=== Data extract ===
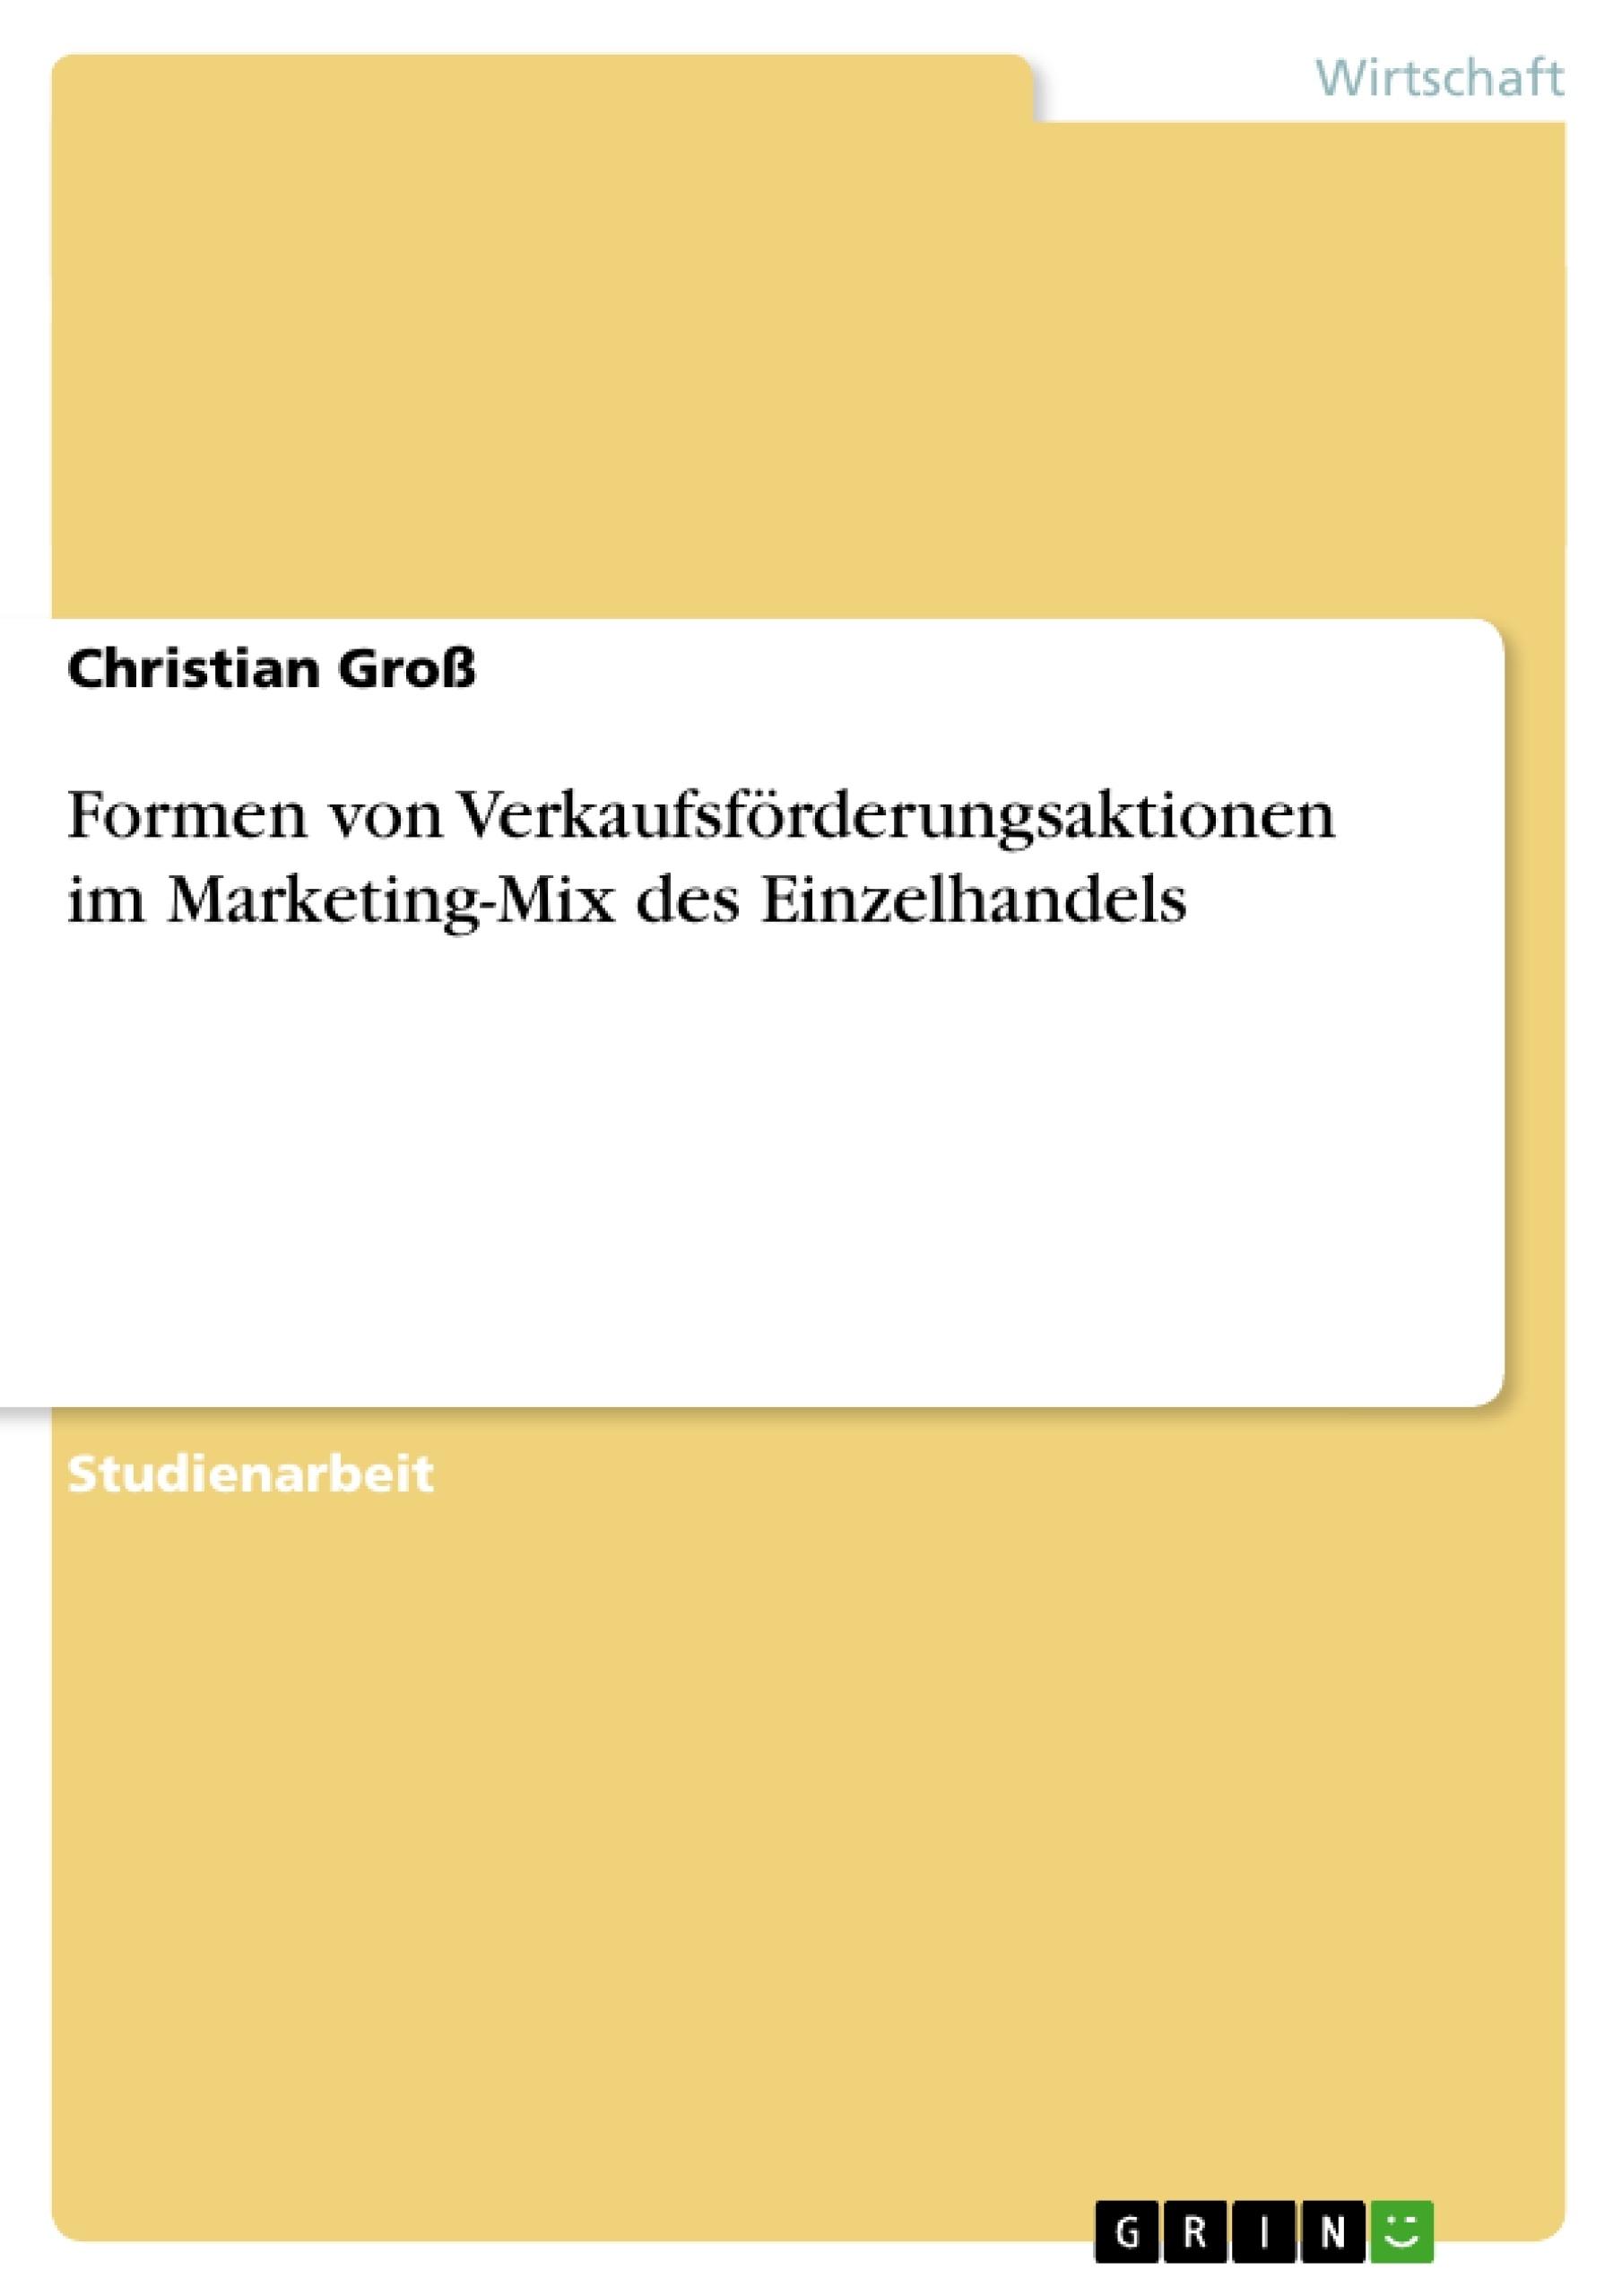 Titel: Formen von Verkaufsförderungsaktionen im Marketing-Mix des Einzelhandels
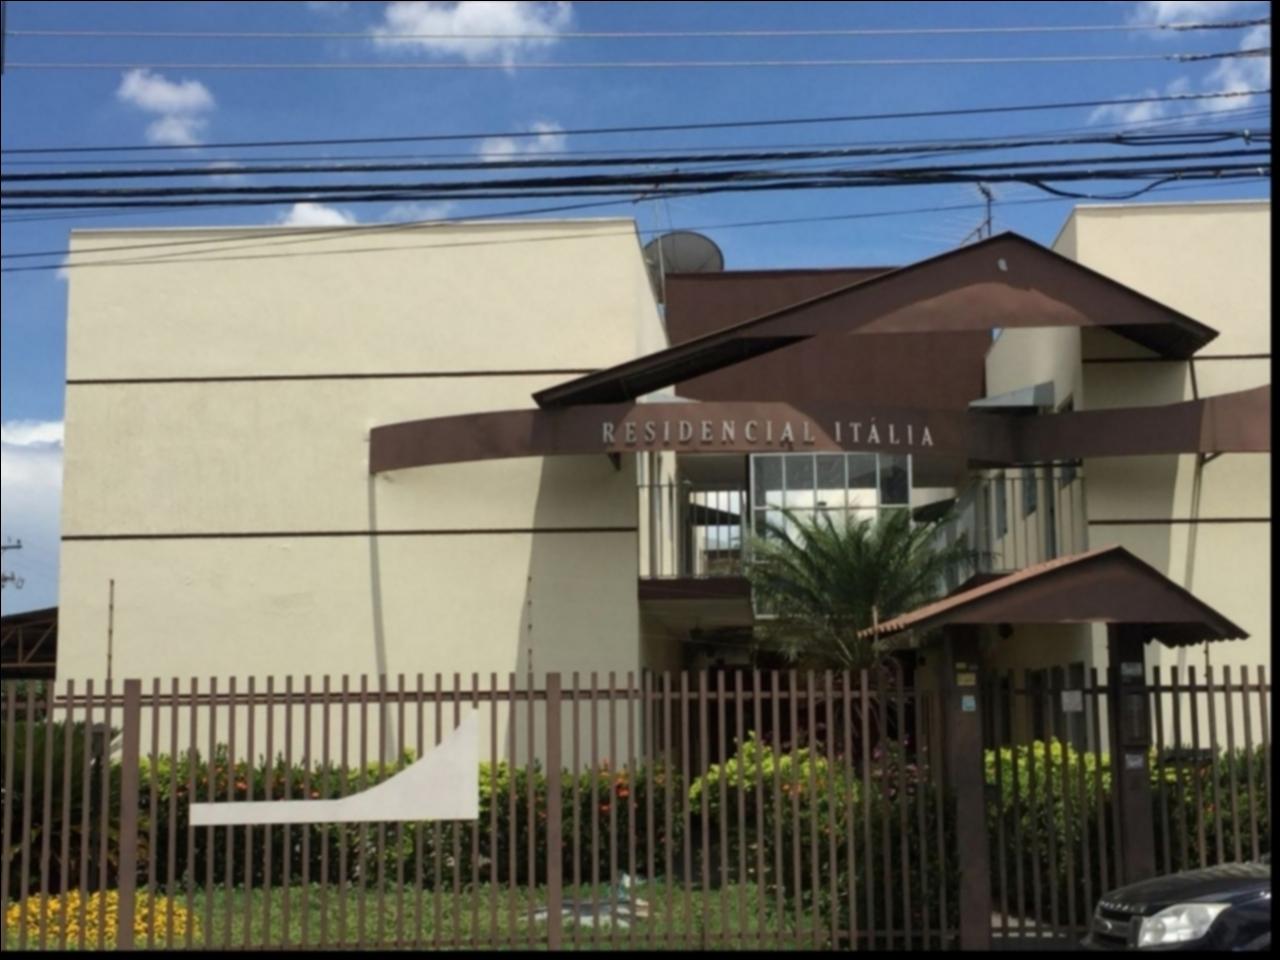 Kitnet  com 1 quarto no Jd. Itália, Cuiabá  - MT
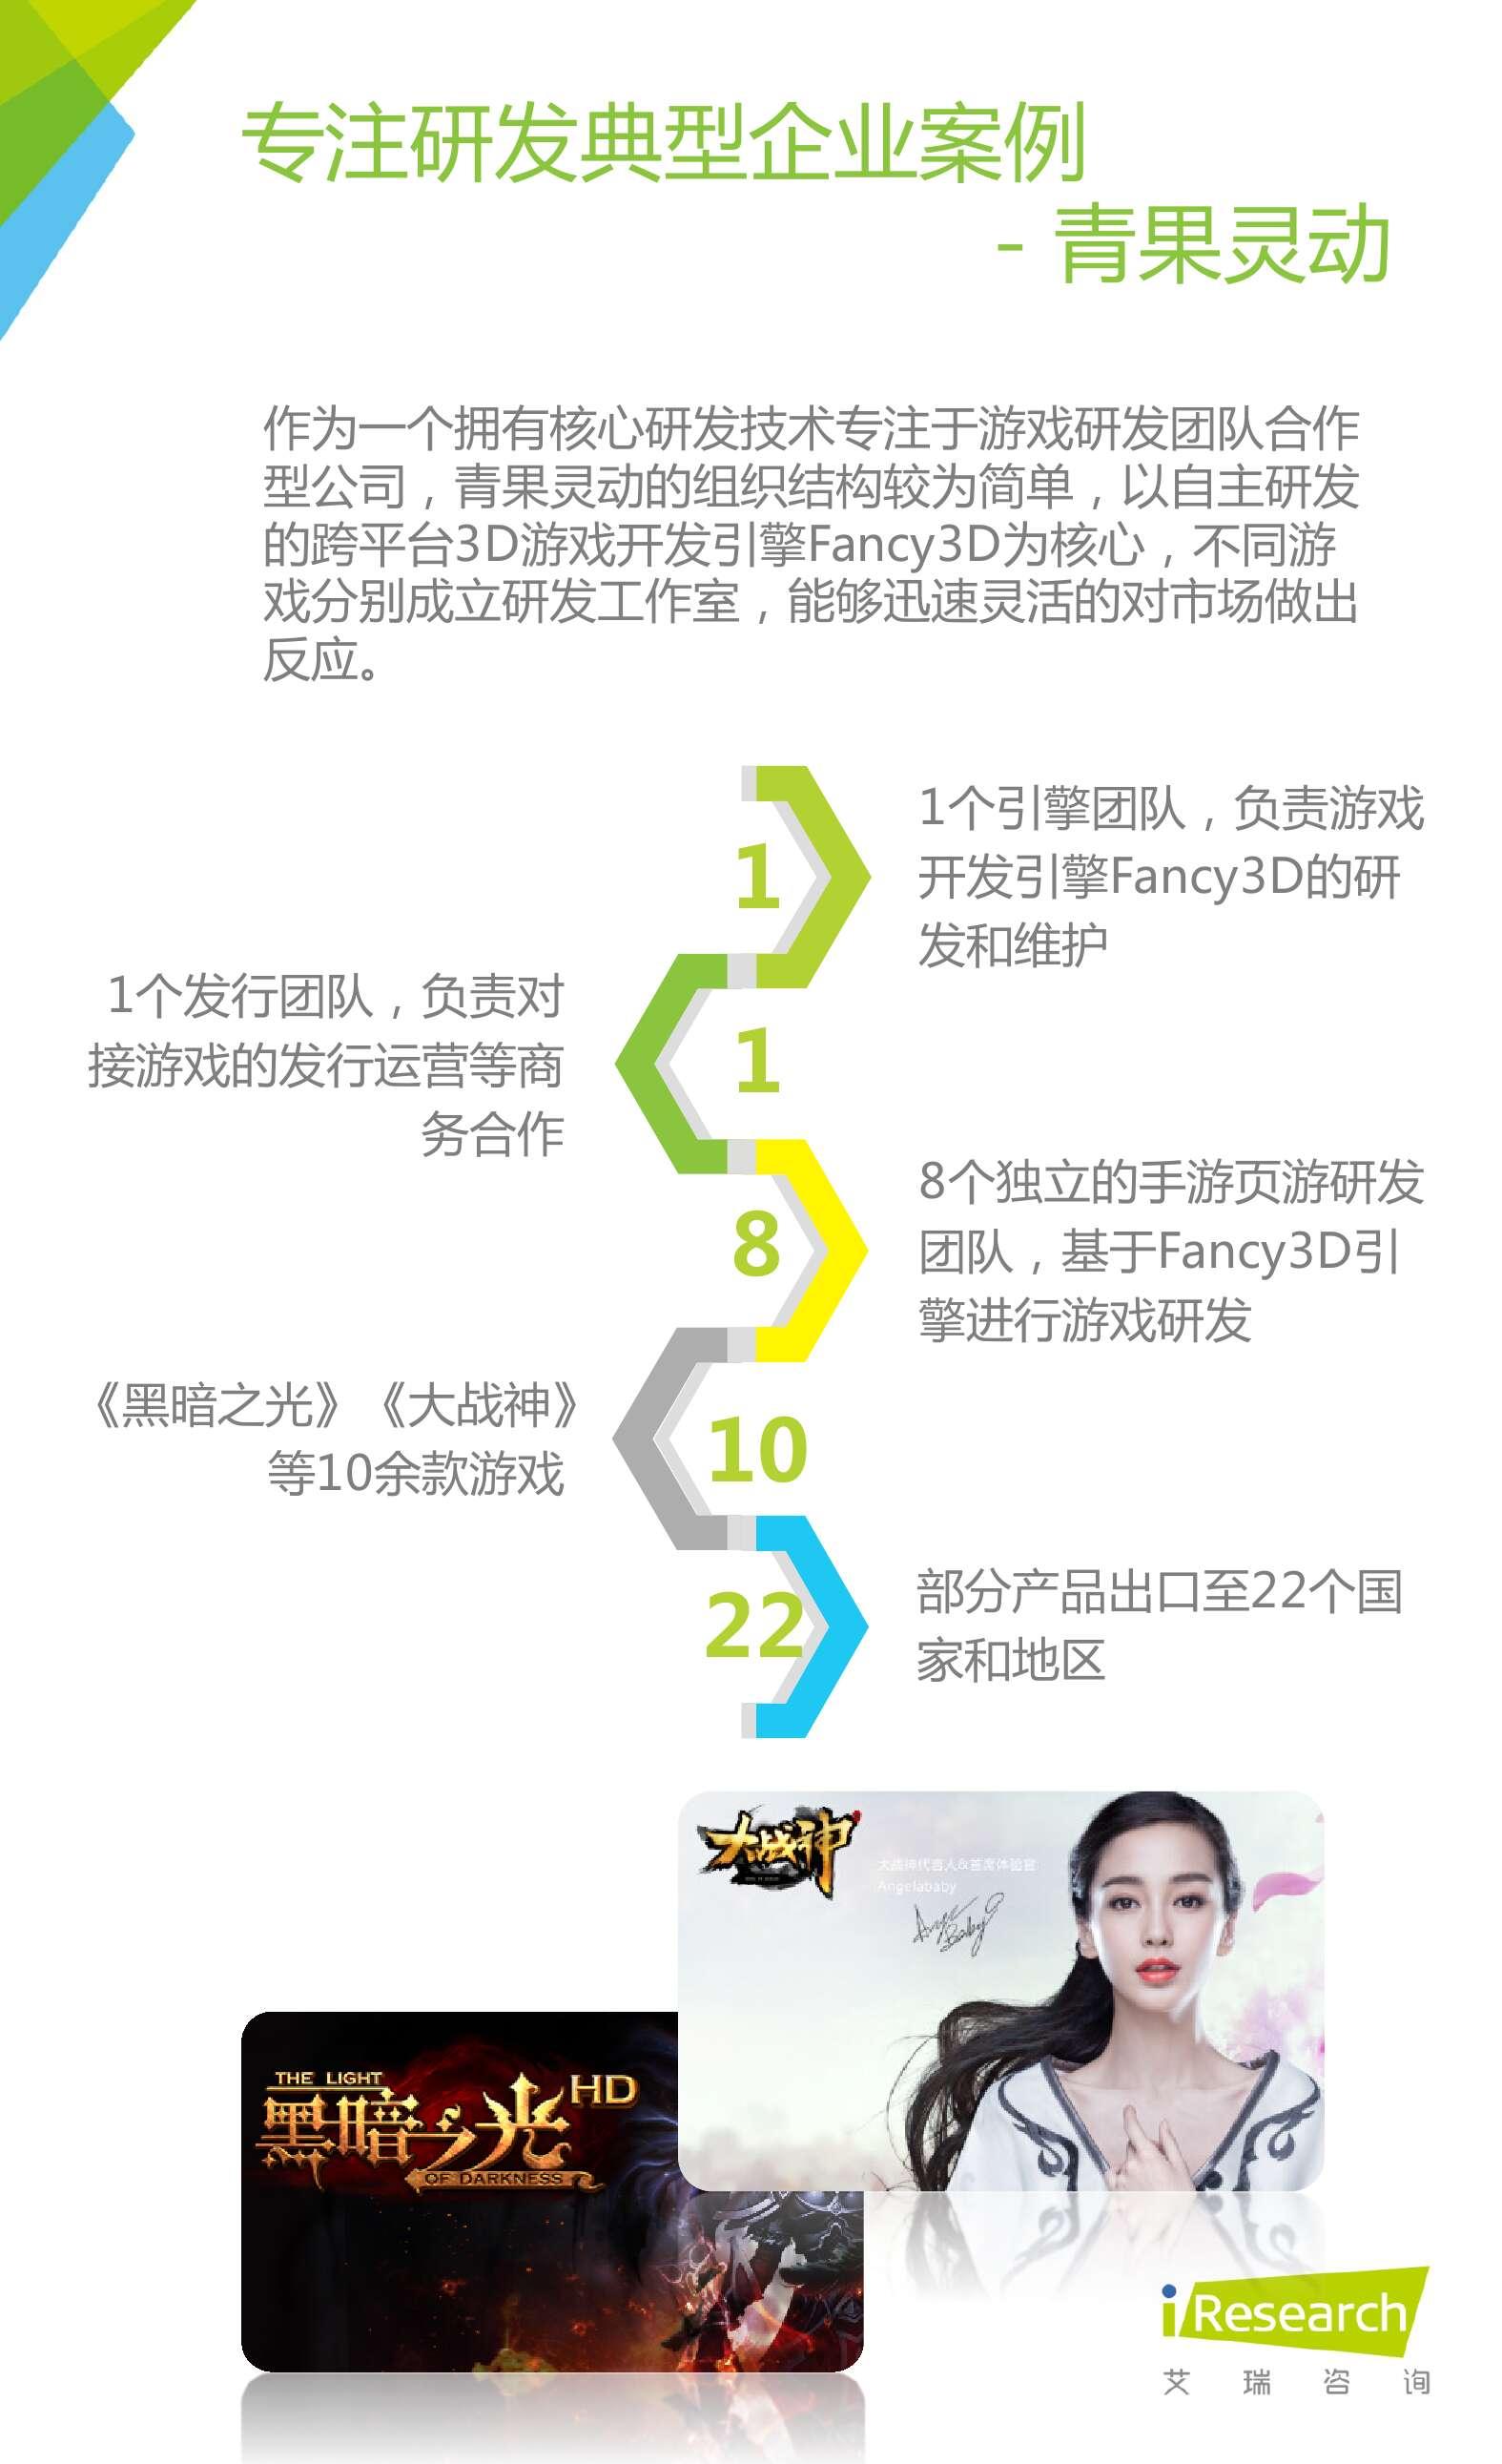 2016年中国网页游戏行业研究报告_000024
===
Work instruction → Reproduce the data word for word; no pictures.

Answer to this task →
 Titel: Formen von Verkaufsförderungsaktionen im Marketing-Mix des Einzelhandels
 Kitnet  com 1 quarto no Jd. Itália, Cuiabá  - MT
 2016年中国网页游戏行业研究报告_000024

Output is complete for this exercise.